In mammals special molecules send messages of "fullness" to the brain.

HONG KONG - A discovery, that opens new ways to treat obesity in humans, has been made by a group of scientists in Japan. They have discerned the molecule considered to be responsible for the feeling of "fullness" in mammals.

Scientists based on the theory that hypothalamus, a region of the brain, controls the appetite. The breakthrough is the finding of an agent that triggers a decrease or increase of the appetite. The molecule naturally produced in the brain was identified as nesfatin-1, online version of the journal Nature reported, Sunday.

The researchers made experiments on rats, injecting the molecule into the rodents' brains. The observation revealed the drop of appetite and significant weight loss. At the same time the blocking of nesfatin-1 has made the rats eat more.

The injection of anti-nesfatin-1 antibody has lead to the appetite growth and progressive weight gain, Reuters reported, citing Masatomo Mori, Gunma University Graduate School of Medicine.

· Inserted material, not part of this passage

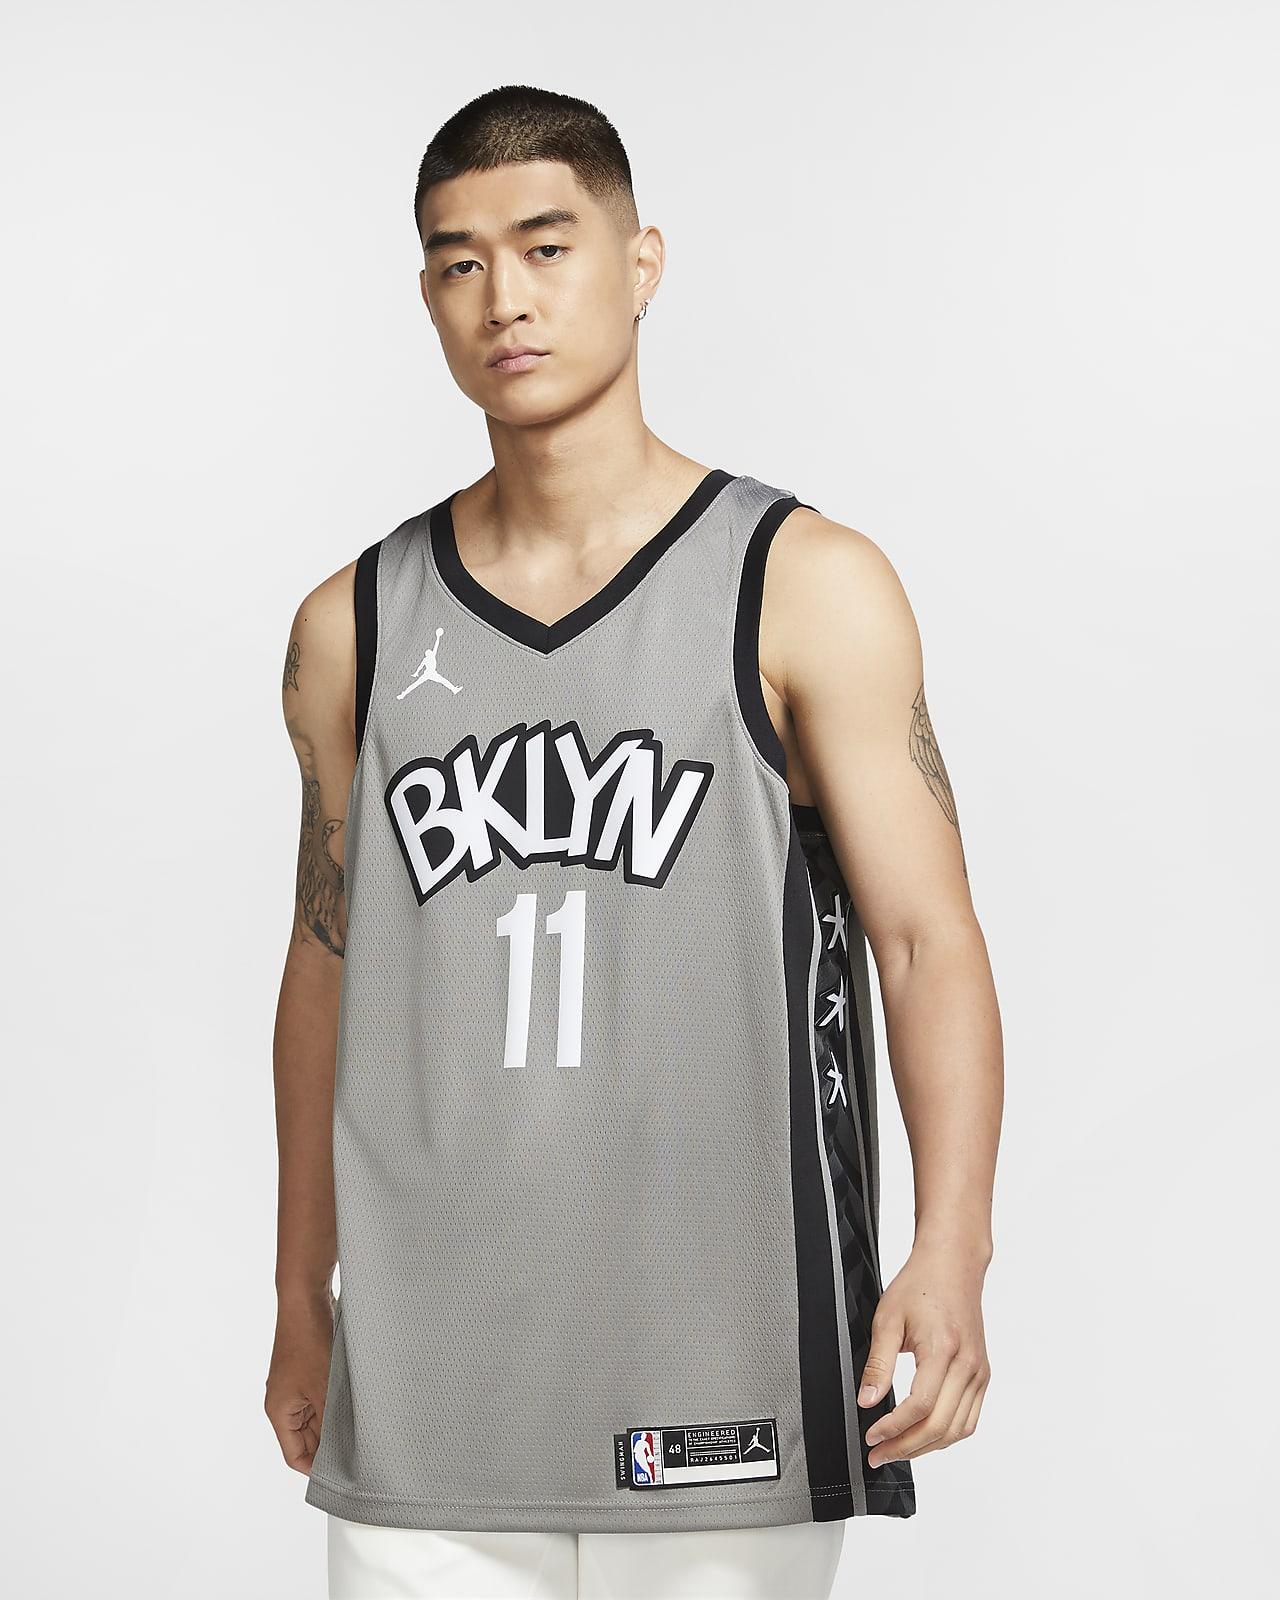 2020 赛季布鲁克林篮网队 (Kyrie Irving) Statement Edition Jordan NBA Swingman Jersey 男子球衣

The finding opens new territory in treating obesity. According to the World Health Organization, the number of obese adults in the world approaches 1 billion. Both economically advanced countries and the developing world have faced the problem of obesity, regarding it as a major health problem. It has been linked to chronic diseases, including cardiovascular disease, type 2 diabetes, some forms of cancer, hypertension and stroke.